A new type of engineered guide RNA, called a pegRNA, directs the prime editor to its target site, where a modified Cas9 cuts one strand of the DNA. The pegRNA also contains additional RNA nucleotides encoding the new edited sequence. To transfer this information, the reverse transcriptase element reads the RNA extension and writes the corresponding DNA nucleotides into the target spot.
Made to Order Gene Editing
In the Nature paper, the team demonstrated prime editing’s ability to precisely correct gene variants that cause sickle-cell anemia, requiring the conversion of a specific T to an A, and Tay Sachs disease, requiring the removal of four DNA letters at a precise location in the genome.
The researchers further report a variety of successful edit types in human cells and primary mouse neurons, including all 12 possible ways to replace one DNA letter with another, insertions of new DNA segments up to 44 DNA letters long, precise deletions of up to 80 DNA letters, and modifications combining these different types of edits.

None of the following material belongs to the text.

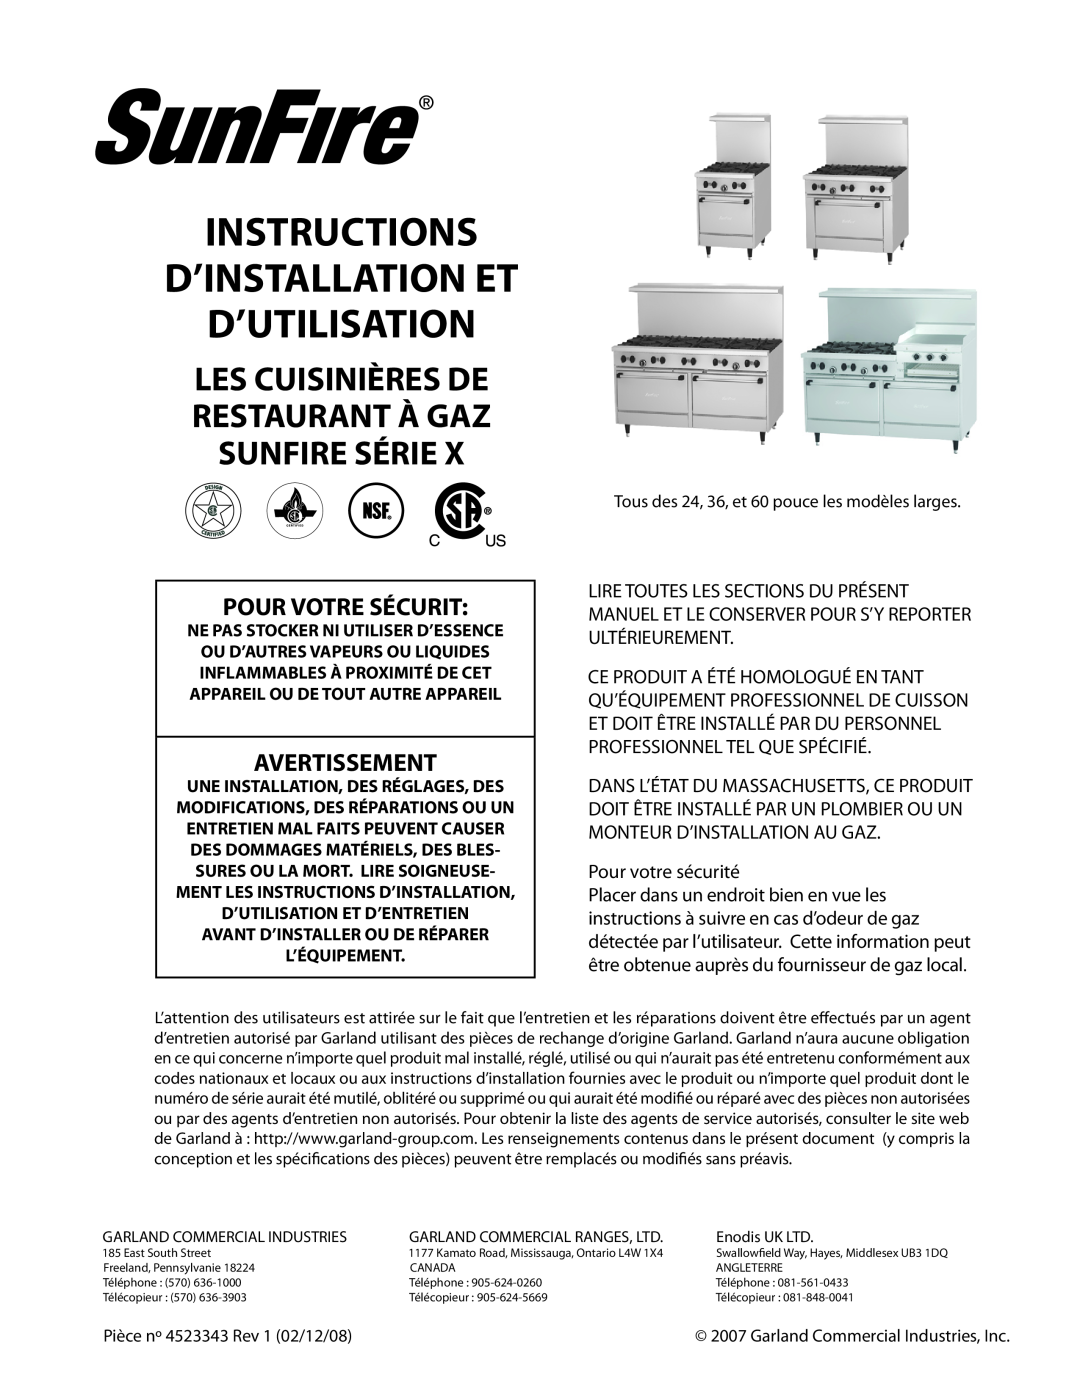 Sunfire X Series operation manual Instructions D’Installation Et D’Utilisation, Pour Votre Sécurit, Avertissement

“With prime editing, we can now directly correct the sickle-cell anemia mutation back to the normal sequence and remove the four extra DNA bases that cause Tay Sachs disease, without cutting DNA entirely or needing DNA templates,” says Liu, who is also a professor of chemistry and chemical biology at Harvard University and a Howard Hughes Medical Institute investigator. “The beauty of this system is that there are few restrictions on the edited sequence. Since the added nucleotides are specified by the pegRNA, they can be sequences that differ from the original strand by only one letter, that have additional or fewer letters, or that are various combinations of these changes.”
“The versatility of prime editing quickly became apparent as we developed this technology,” recalls Anzalone. “The fact that we could directly copy new genetic information into a target site was a revelation. We were really excited.”

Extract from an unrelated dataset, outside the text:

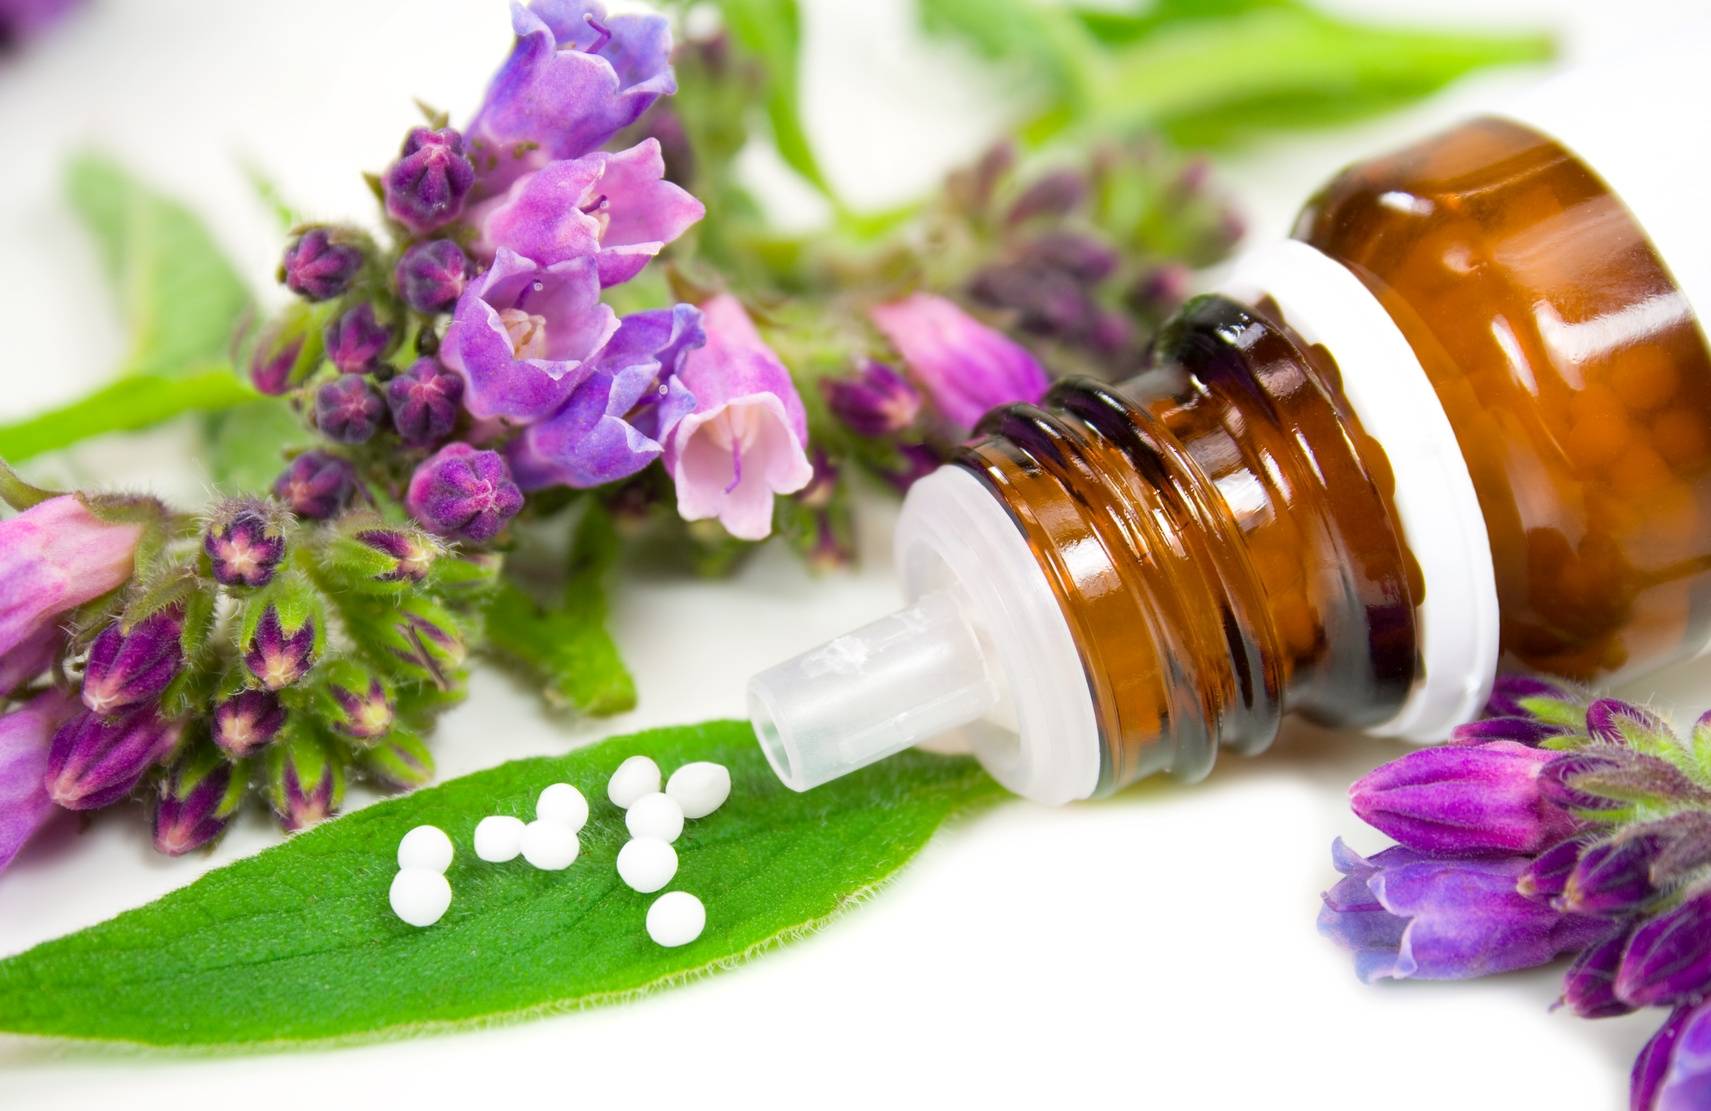 Homeopatia, lek homeopatyczny Ignatia amara - dla kogo i na co pomaga? Fiolka leku homeopatycznego w otoczeniu fioletowych kwiatów i zielonych liści.

When making precision changes, the researchers report that prime editing achieves successful edits with a lower rate of undesired “off-target” changes when compared to approaches that require making nearby breaks on each DNA strand. Prime editing can also make precise single-nucleotide changes in target sequences that base editors have difficulty accessing, according to the team’s data.
Liu’s team intends to continue optimizing prime editing, including by maximizing its efficiency in many different cell types, further investigating potential effects of prime editing on cells, additional testing in cell and animal models of disease, and exploring delivery mechanisms in animals to provide a potential path for human therapeutic applications.

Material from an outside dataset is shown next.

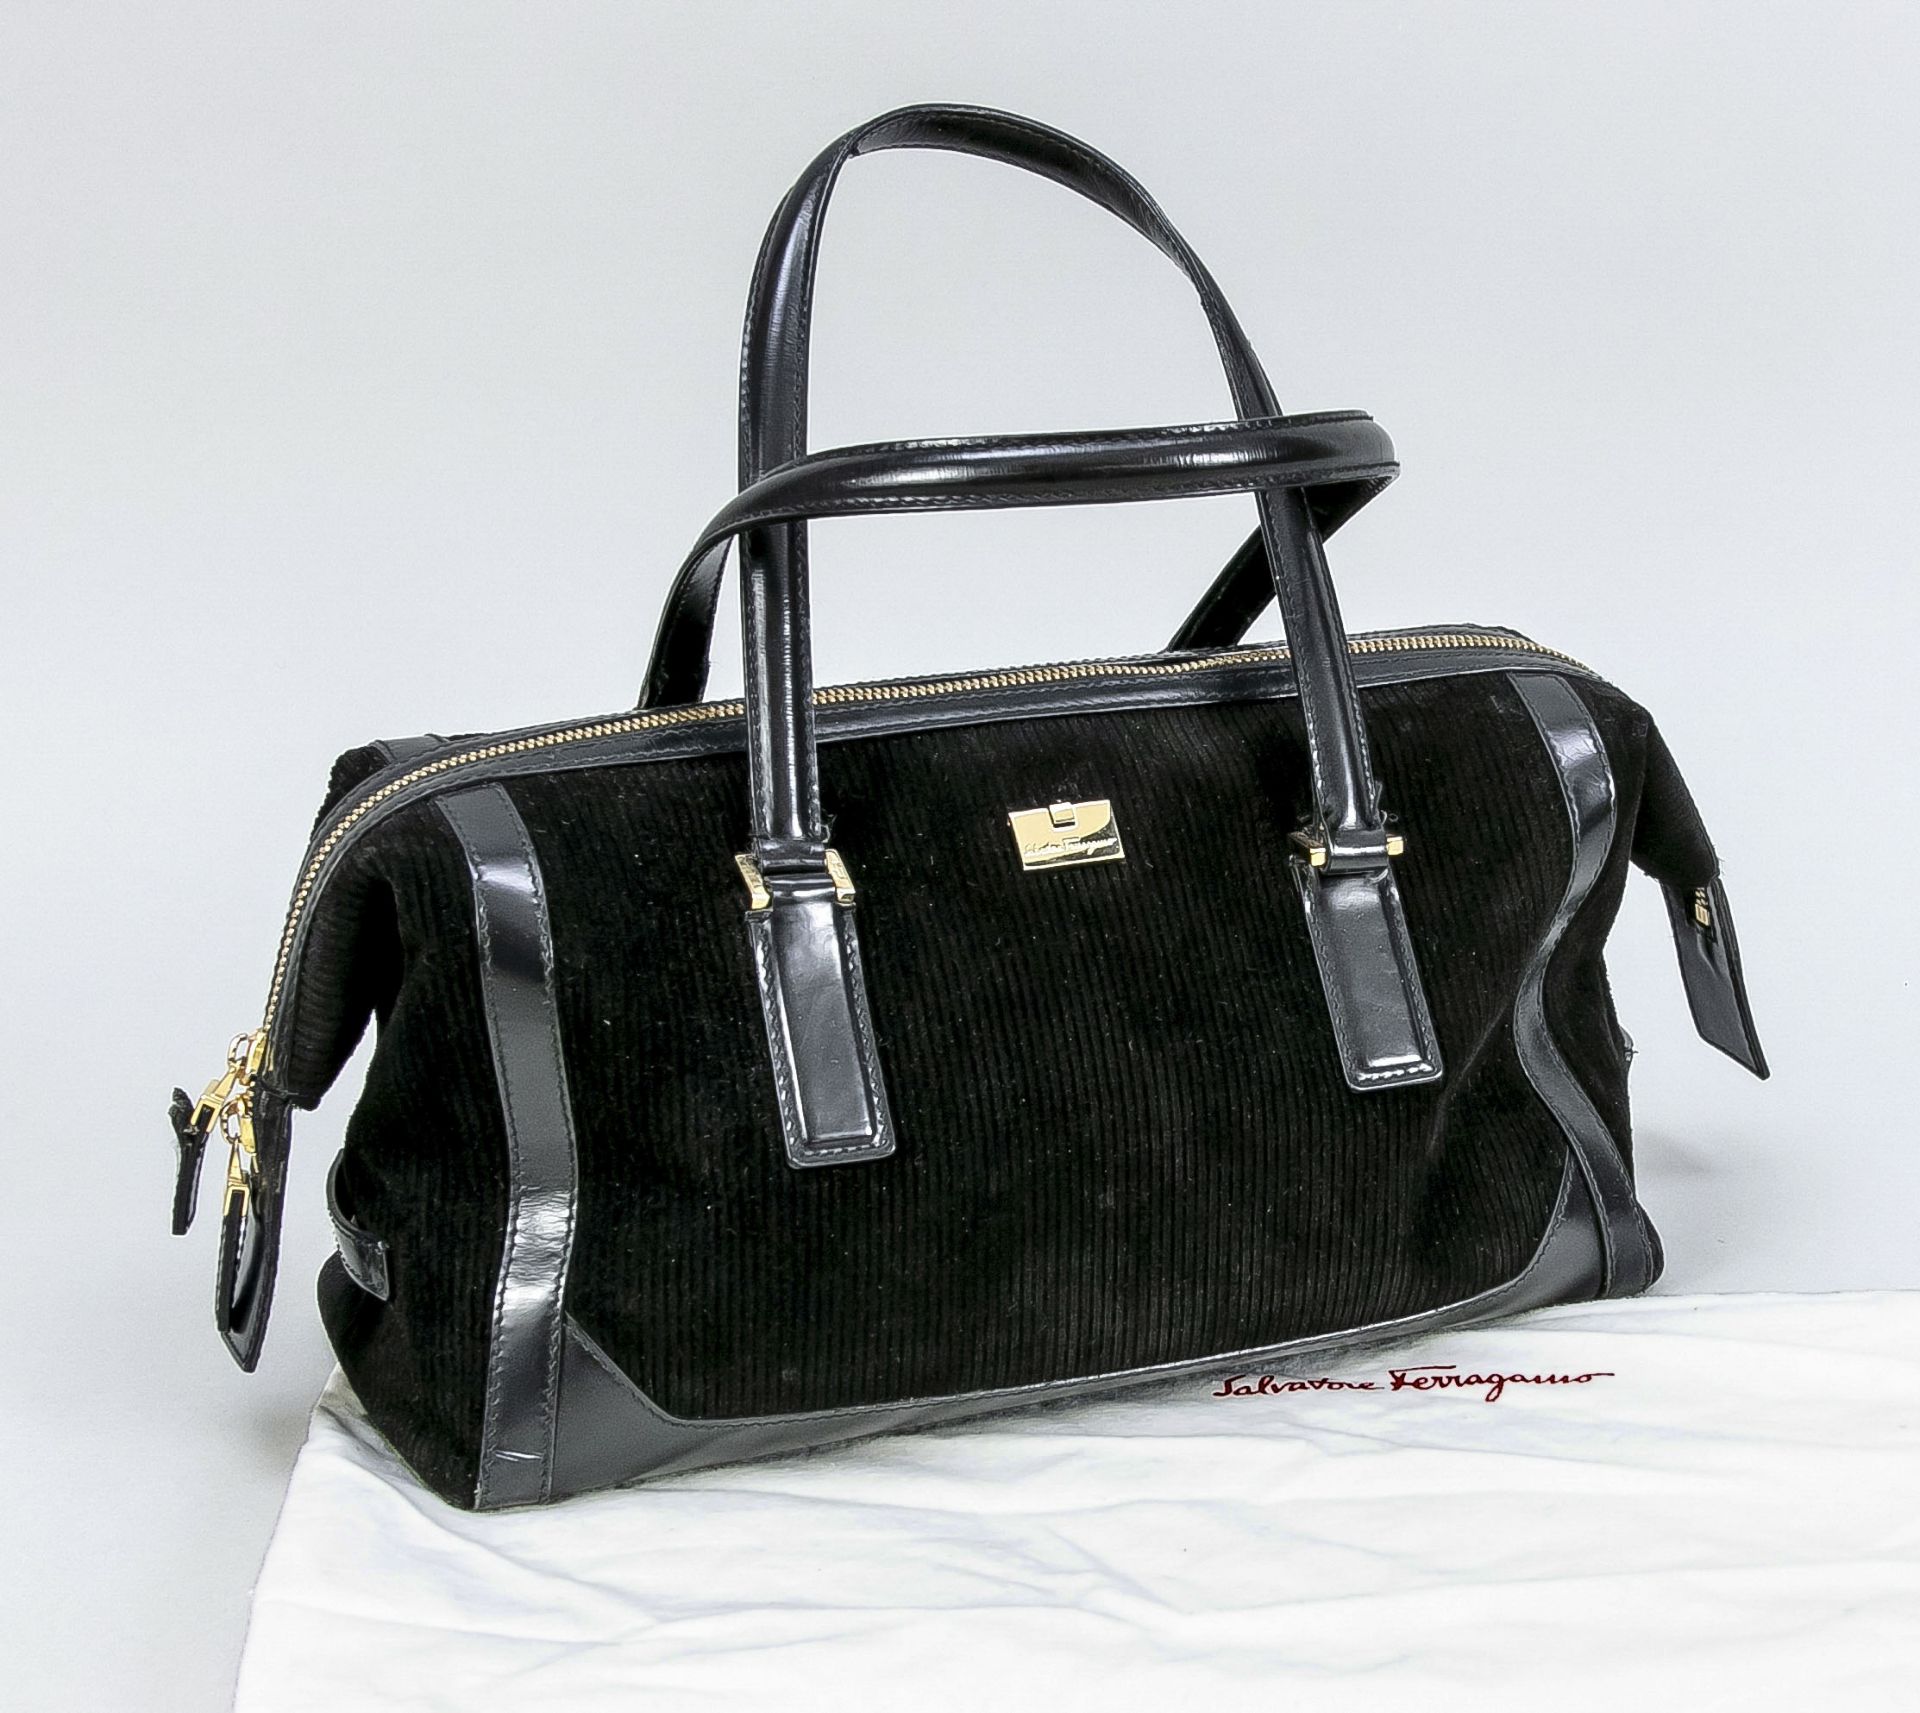 Salvatore Ferragamo, Small Vintage Baguette Bag, black corduroy with black (faux?) leather

The researchers and the Broad Institute are making this technology freely available to the academic and non-profit communities, including by sharing vectors through the non-profit Addgene. For these groups, no license is necessary.
The Broad Institute is making prime editing tools available to license non-exclusively for research and manufacturing by companies, and for the commercial development of tools and reagents. For human therapeutic use, Broad Institute has licensed the technology to Prime Medicine under the inclusive innovation model. As has been publicly reported, Beam Therapeutics has received a sublicense from Prime Medicine for the use of prime editing in certain fields and for certain applications. (Liu is a consultant and co-founder of both Prime Medicine and Beam Therapeutics.)